Senador diz que ação da PF atingiu pequenos extrativistas e pede transparência sobre alvos ligados ao narcotráfico. (Foto: Divulgação)
O senador Omar Aziz (PSD-AM) criticou nesta terça-feira, durante reunião da Comissão de Infraestrutura do Senado, a recente operação da Polícia Federal realizada em municípios da Calha do Rio Madeira, como Manicoré e Humaitá.
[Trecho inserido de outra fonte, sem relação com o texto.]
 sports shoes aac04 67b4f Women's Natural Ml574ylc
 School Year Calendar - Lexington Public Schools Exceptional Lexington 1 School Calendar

A ação, que destruiu garimpos e embarcações, foi classificada por ele como um ataque desproporcional, que afetou principalmente pequenos extrativistas e famílias humildes da região.
“Eu não só vi como presenciei tudo isso ontem e ontem mesmo tomei a iniciativa de questionar o porquê dessa operação. O mais engraçado de tudo é que vão lá, tocam fogo, dizem que é o narcotráfico e não prenderam ninguém. Veja bem, não prenderam absolutamente ninguém, só destruíram, poluíram, prejudicaram, e tem pessoas que moram nessas embarcações porque não têm moradia”, afirmou o senador.
Omar questionou a diferença entre o extrativismo de pequena escala e operações de grande impacto ambiental, cobrando explicações da PF. “Quando você fala numa bitola de seis polegadas, é extrativismo; quando fala em 30, 40 polegadas, é outra coisa. Eu quero saber do Andrei Rodrigues (diretor-geral da PF) quem foi o traficante preso nessa operação. Quem foi preso? Não houve nenhum. O que houve foi prejuízo para pessoas pobres do Rio Madeira, principalmente de Humaitá, Manicoré, Novo Aripuanã, Borba e Nova Olinda”, disse.
O parlamentar também pediu transparência sobre a autorização judicial que respaldou a ação. “A Polícia Federal não faz isso sem ordem da Justiça. Precisamos saber quem foi o juiz que autorizou e quais as provas concretas que ligam a operação ao narcotráfico. Se existem narcotraficantes, que sejam presos e responsabilizados. Mas não podemos permitir que trabalhadores humildes sejam tratados como criminosos”, reforçou.
Segundo Omar, a ausência de uma regulamentação clara para o garimpo de pequena escala agrava o problema. Ele lembrou que projetos de lei sobre o tema tramitam há mais de 15 anos na Câmara dos Deputados sem votação definitiva.
“Se houvesse regulamentação, o ouro ficaria no Brasil, comercializado pela Caixa Econômica, e não seria escoado ilegalmente para Colômbia, Venezuela e outros países. O que não podemos aceitar é pirotecnia com explosões e helicópteros sobrevoando, enquanto os verdadeiros responsáveis continuam impunes”, declarou.
O senador concluiu reforçando sua posição em defesa das comunidades ribeirinhas. “Nós não aceitamos que pessoas humildes, trabalhadoras, sejam tratadas como narcotraficantes. Se existem criminosos, que sejam presos e seus nomes revelados. O que não podemos aceitar é destruir embarcações e criminalizar quem depende do extrativismo para sobreviver”, finalizou.